Le directeur général des Sénateurs Pierre Dorion a payé le gros prix pour acquérir les services de Matt Duchene.

Acheteur et vendeur en même temps?

CHRONIQUE / On ne peut pas reprocher à Pierre Dorion d’avoir misé sur Matt Duchene.

Enfin, on peut lui reprocher certaines choses.

Il a probablement surévalué son équipe, à l’automne 2017. Ce fut sa première – et, possiblement, sa plus grosse – erreur à titre de directeur général.

Et Dorion a sans doute payé un peu trop cher pour acquérir un joueur que l’Avalanche du Colorado cherchait à échanger depuis très longtemps. C’est une deuxième erreur, qu’on peut facilement attribuer à l’enthousiasme débordant d’un jeune dirigeant ambitieux.

Si le passage de Duchene avec les Sénateurs fut bref, on pourra au moins reconnaître que le joueur a fait ce qu’on lui a demandé. Il s’est investi jusqu’à la toute dernière minute.

Dorion n’a pas trouvé les bons arguments pour le convaincre que l’avenir est rose à Ottawa. Faudra un jour qu’il nous explique pourquoi.

En attendant, on ne va pas le crucifier d’avoir voulu donner à son équipe un centre de première qualité.

On ne va pas le crucifier, pour autant que toute cette histoire lui serve. Il est un peu plus vieux et un peu plus expérimenté, maintenant. Il doit désormais prouver qu’il est plus sage. Sa façon d’attaquer les prochains jours nous en dira long sur sa capacité à bien mener la barque des Sénateurs dans les prochaines années.

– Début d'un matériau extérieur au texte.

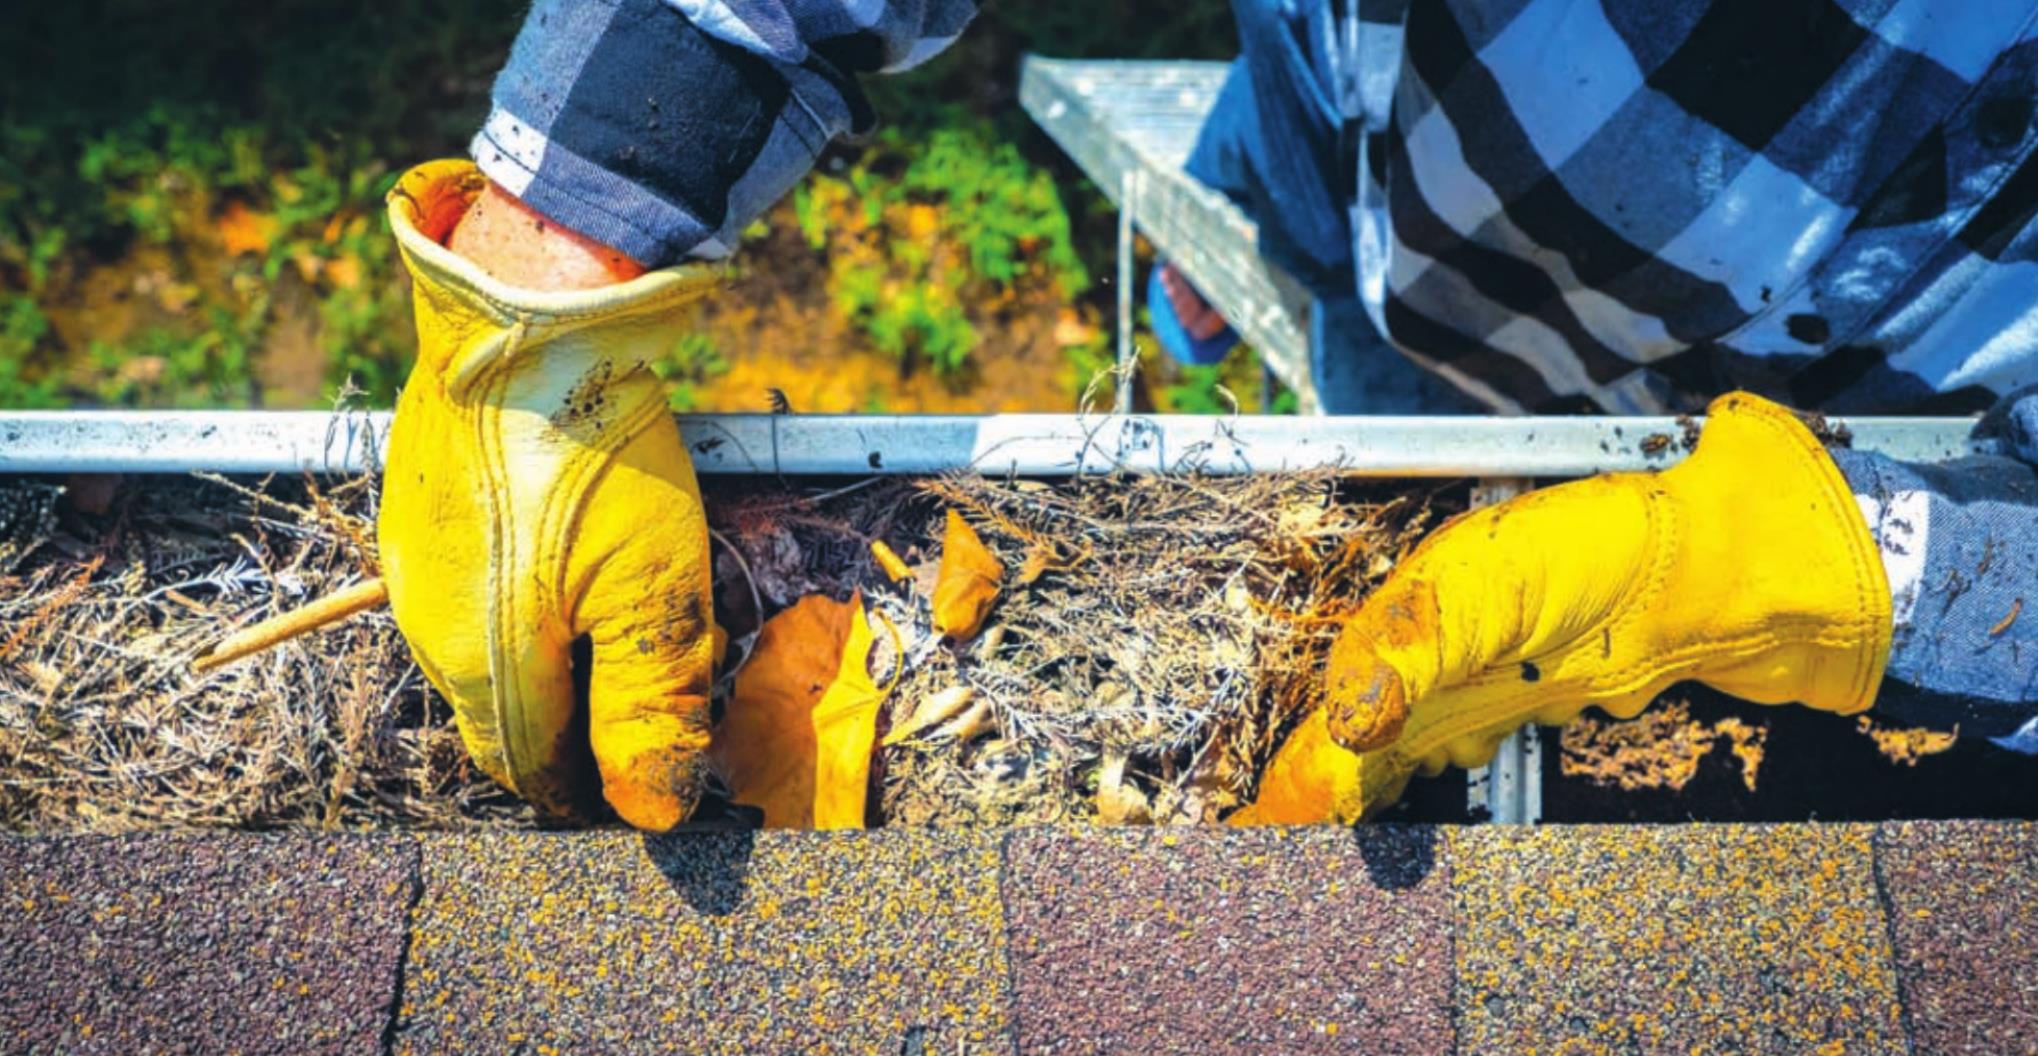 With weather out of the three-digit range, it’s the perfect time to get fall home maintenance done. Clean out the gutters, check the chimney for debris and make sure roof shingles are in good shape. Provided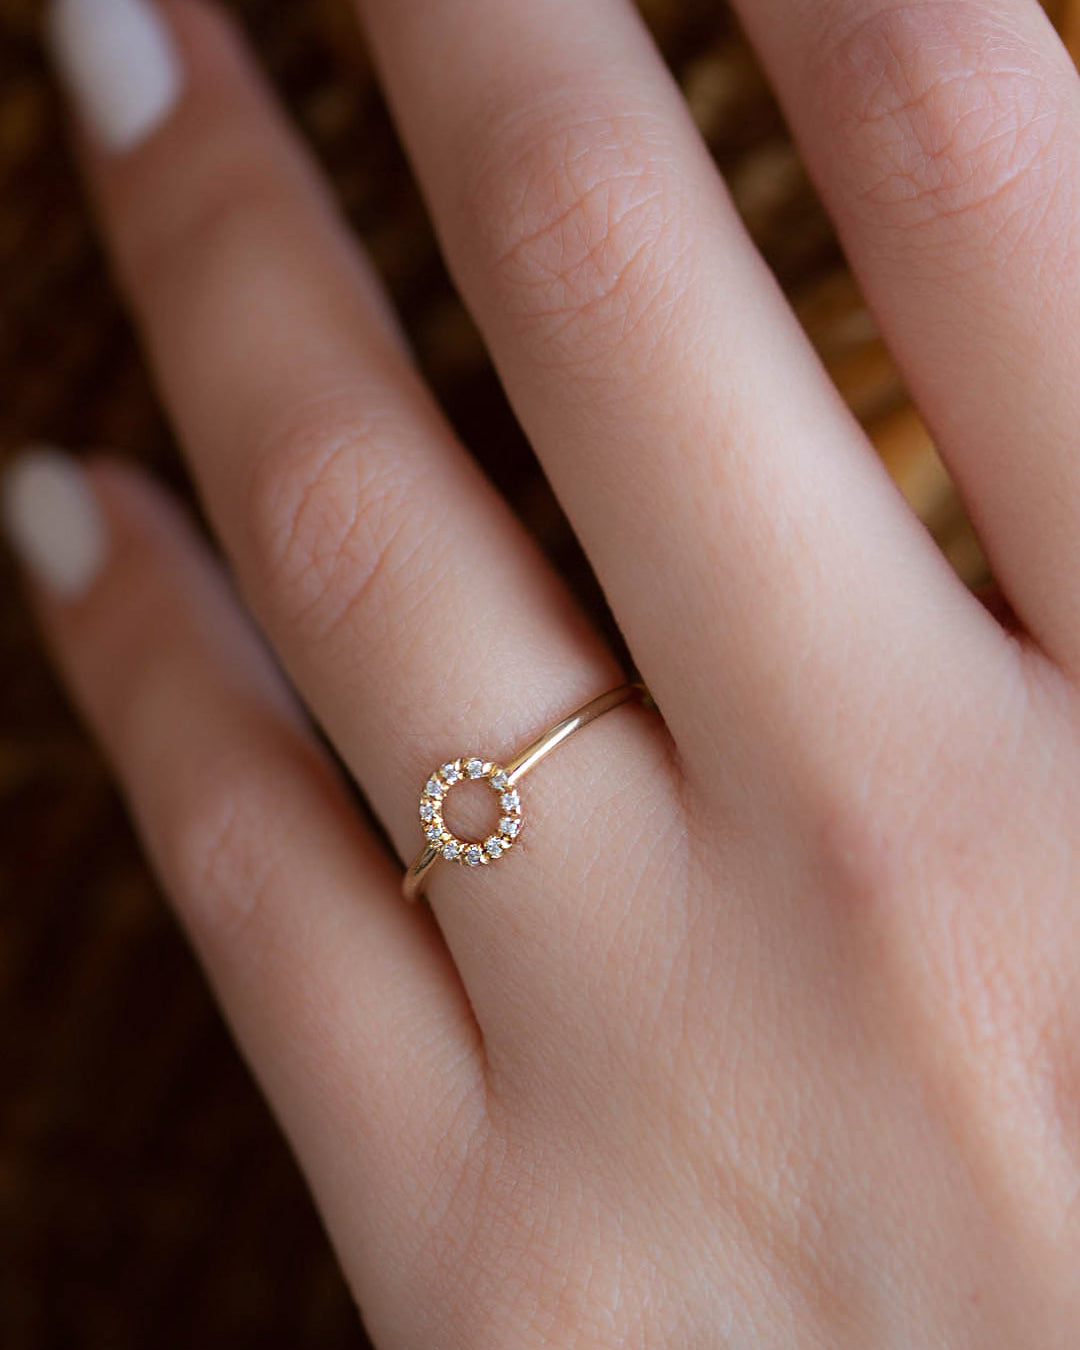 A dainty 14k yellow gold ring with a circle on top, set with brilliant cut white diamonds.

C’est simple. L’avenir des Sénateurs se joue maintenant. Dorion n’a tout simplement plus le droit de se tromper.

Le petit comité qui supervise les opérations hockey, au Centre Canadian Tire, a eu le temps d’étudier plusieurs différents scénarios, dans les dernières semaines.

Les gens des médias, les influenceurs et les gérants d’estrade ne manquent certainement pas de suggestions. On ne retrouve pas chaque année des attaquants du calibre de Duchene dans le pool des joueurs de location chaque année.

Dans tout ce qui a été dit, écrit ou tweeté dans les dernières semaines, on retient cette proposition, originale, qui nous provient d’un collaborateur pigiste méconnu de TSN.

Dans un billet publié sur le site du réseau sportif anglophone, on suggère à Dorion de jouer à la fois sur le terrain des acheteurs et sur celui des vendeurs, ce week-end.

On suggère bien entendu à Dorion de cibler des espoirs de premier plan. On lui conseille de faire le plein de choix au repêchage. Bâtir pour l’avenir. Appliquer une partie de la recette qui est bien éprouvée.

On lui propose simplement de ne pas se limiter à cela. Dans la LNH, une dizaine d’équipes ont moins de deux millions $ US d’espace pour respirer, sous le plafond salarial.

Les dirigeants de ces clubs seraient sans doute heureux de gagner un peu de marge de manoeuvre en se défaisant de quelques contrats qui sont un peu trop lourds à leur goût.

Ce n’est pas une idée complètement nouvelle. Les Coyotes de l’Arizona ont emprunté une stratégie similaire, quand ils ont absorbé les contrats des retraités Pavel Datsyuk et Marian Hossa.

On parle cette fois de faire l’acquisition de joueurs qui sont toujours actifs. Qui sont capables de se défendre sur une patinoire. Mais qui gagnent un peu trop d’argent au goût de leurs patrons actuels.

Si Dorion se montre accommodant en soulageant un de ses homologues du fardeau d’un mauvais contrat, il pourrait être récompensé. Il pourrait peut-être obtenir un choix de repêchage plus élevé. Un espoir de meilleure qualité.

Tout se négocie, dans la vie.

Le problème, avec les théories des gérants d’estrade, c’est qu’elles fonctionnent parfois mieux sur papier que dans la vraie vie.

Celle-là vaut quand même la peine d’être testée.